## RECORDS
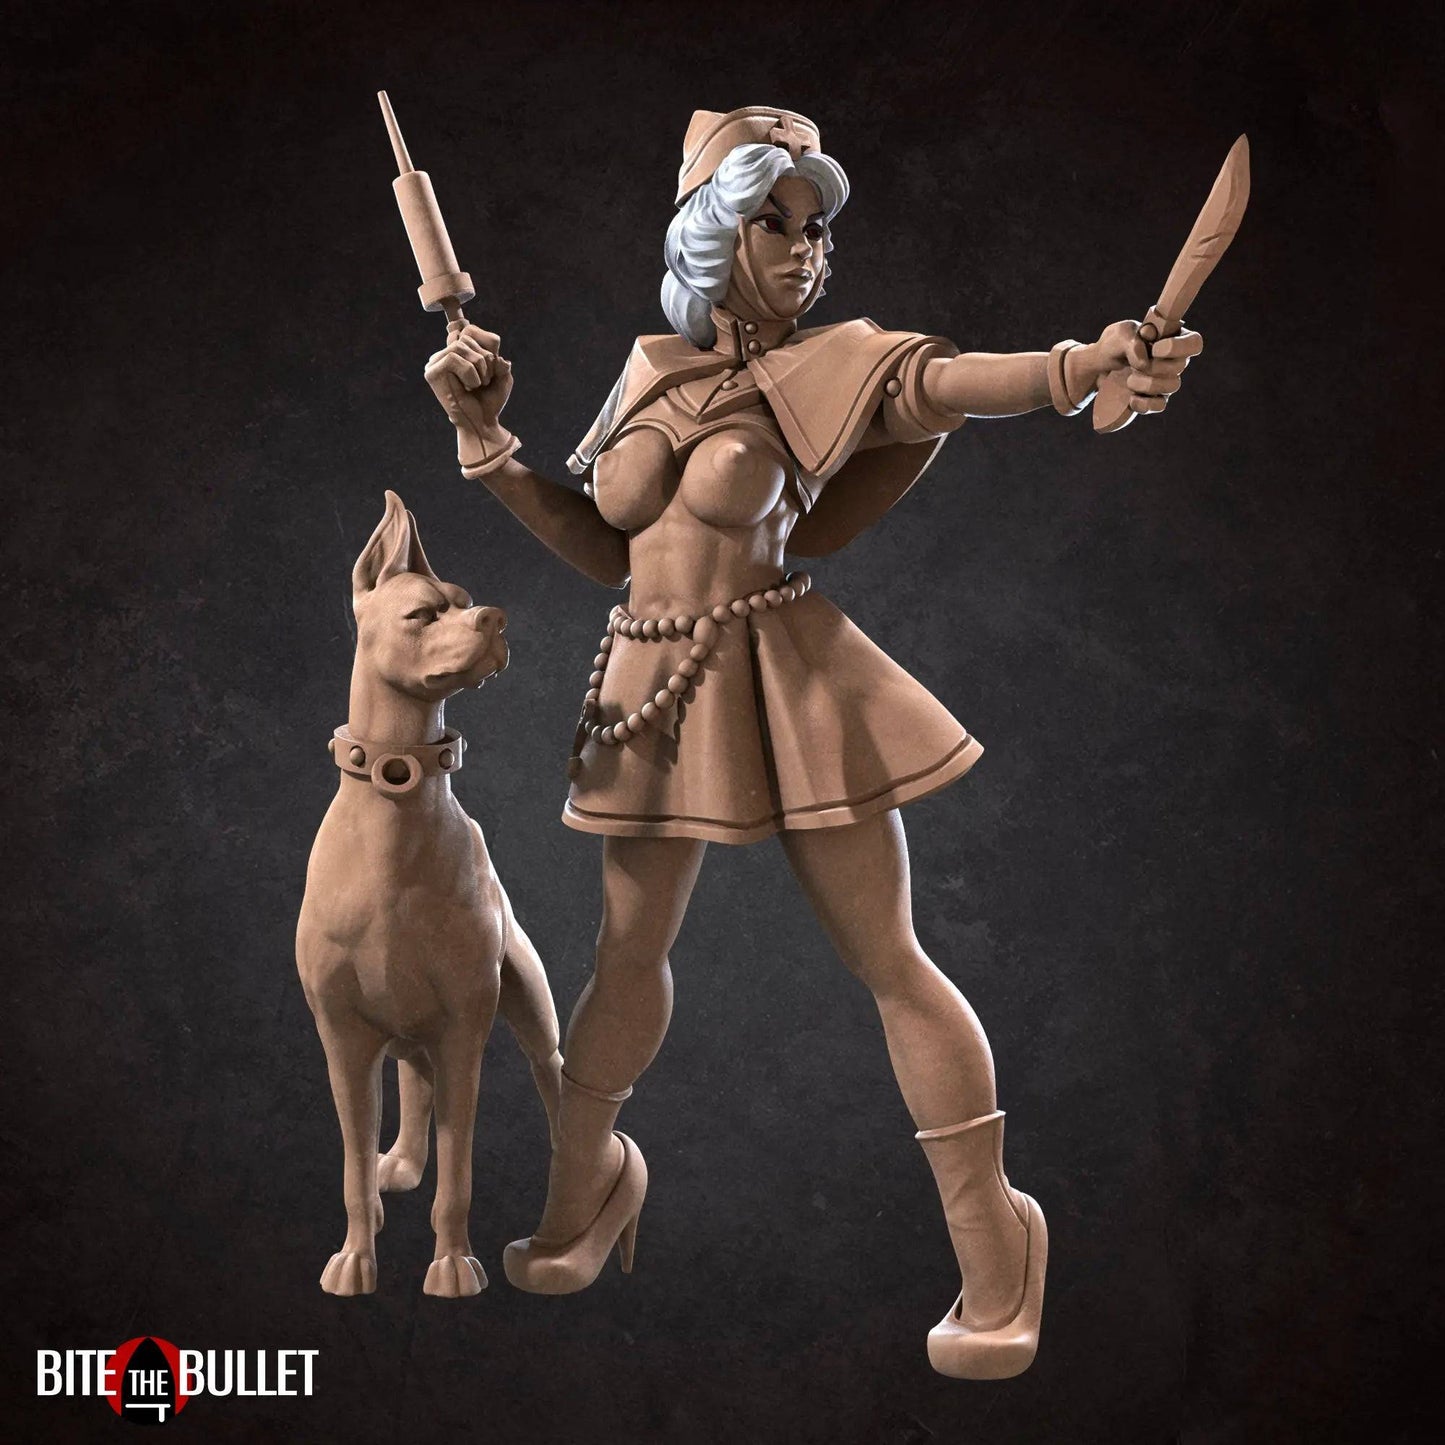 Emilia, Pinup SFW NSFW Lovely Woman, Wartime Nurse and Pup | D&D Miniature Pinup | Bite the Bullet - Tattles Told 3D
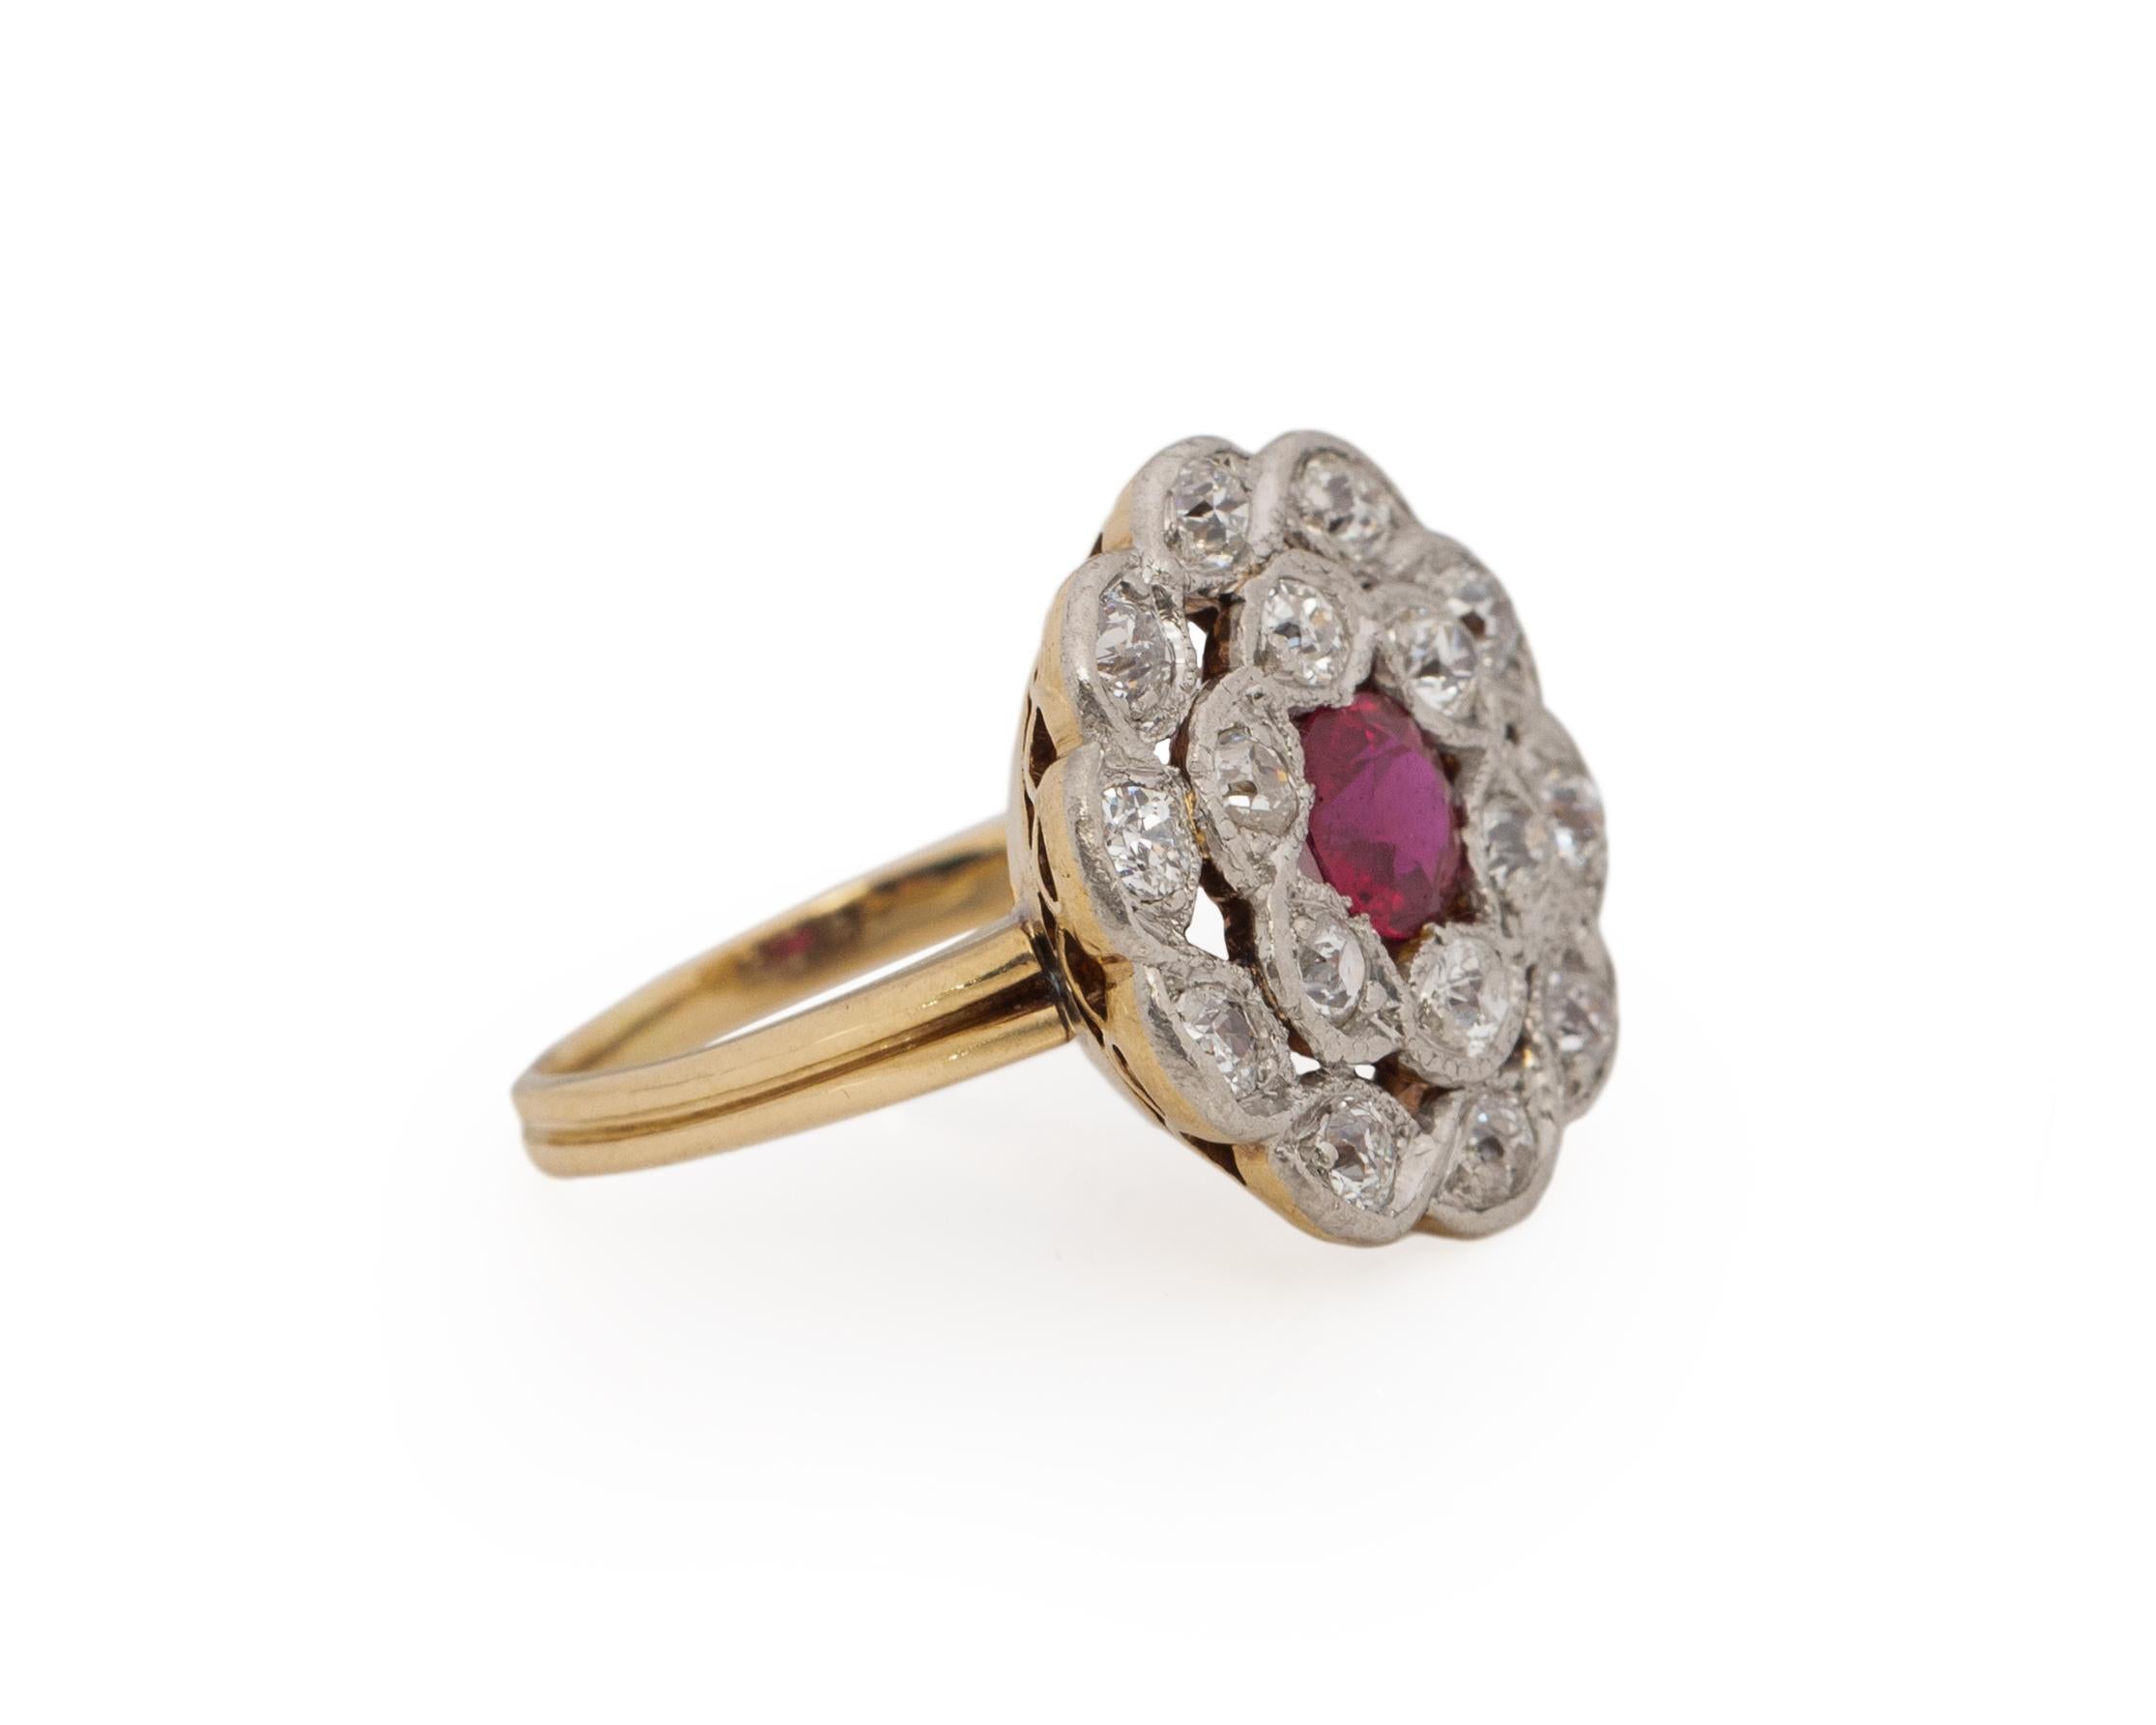 Ring Size: 5.5
Metal Type: 14k Yellow Gold & Platinum [Hallmarked, and Tested]
Weight: 5.6 grams

Diamond Details:
Weight: .75ct, total weight
Cut: Antique European Cut
Color: G-H
Clarity: VS

Ruby Details: .50ct, Synthetic, Old European Brilliant

## DIRECTIONS
Every entry, word for word, should be given again; the pictures are not part of the copy.

## EXERCISE OUTPUT
 Emilia, Pinup SFW NSFW Lovely Woman, Wartime Nurse and Pup | D&D Miniature Pinup | Bite the Bullet - Tattles Told 3D
 Ring Size: 5.5
Metal Type: 14k Yellow Gold & Platinum [Hallmarked, and Tested]
Weight: 5.6 grams

Diamond Details:
Weight: .75ct, total weight
Cut: Antique European Cut
Color: G-H
Clarity: VS

Ruby Details: .50ct, Synthetic, Old European Brilliant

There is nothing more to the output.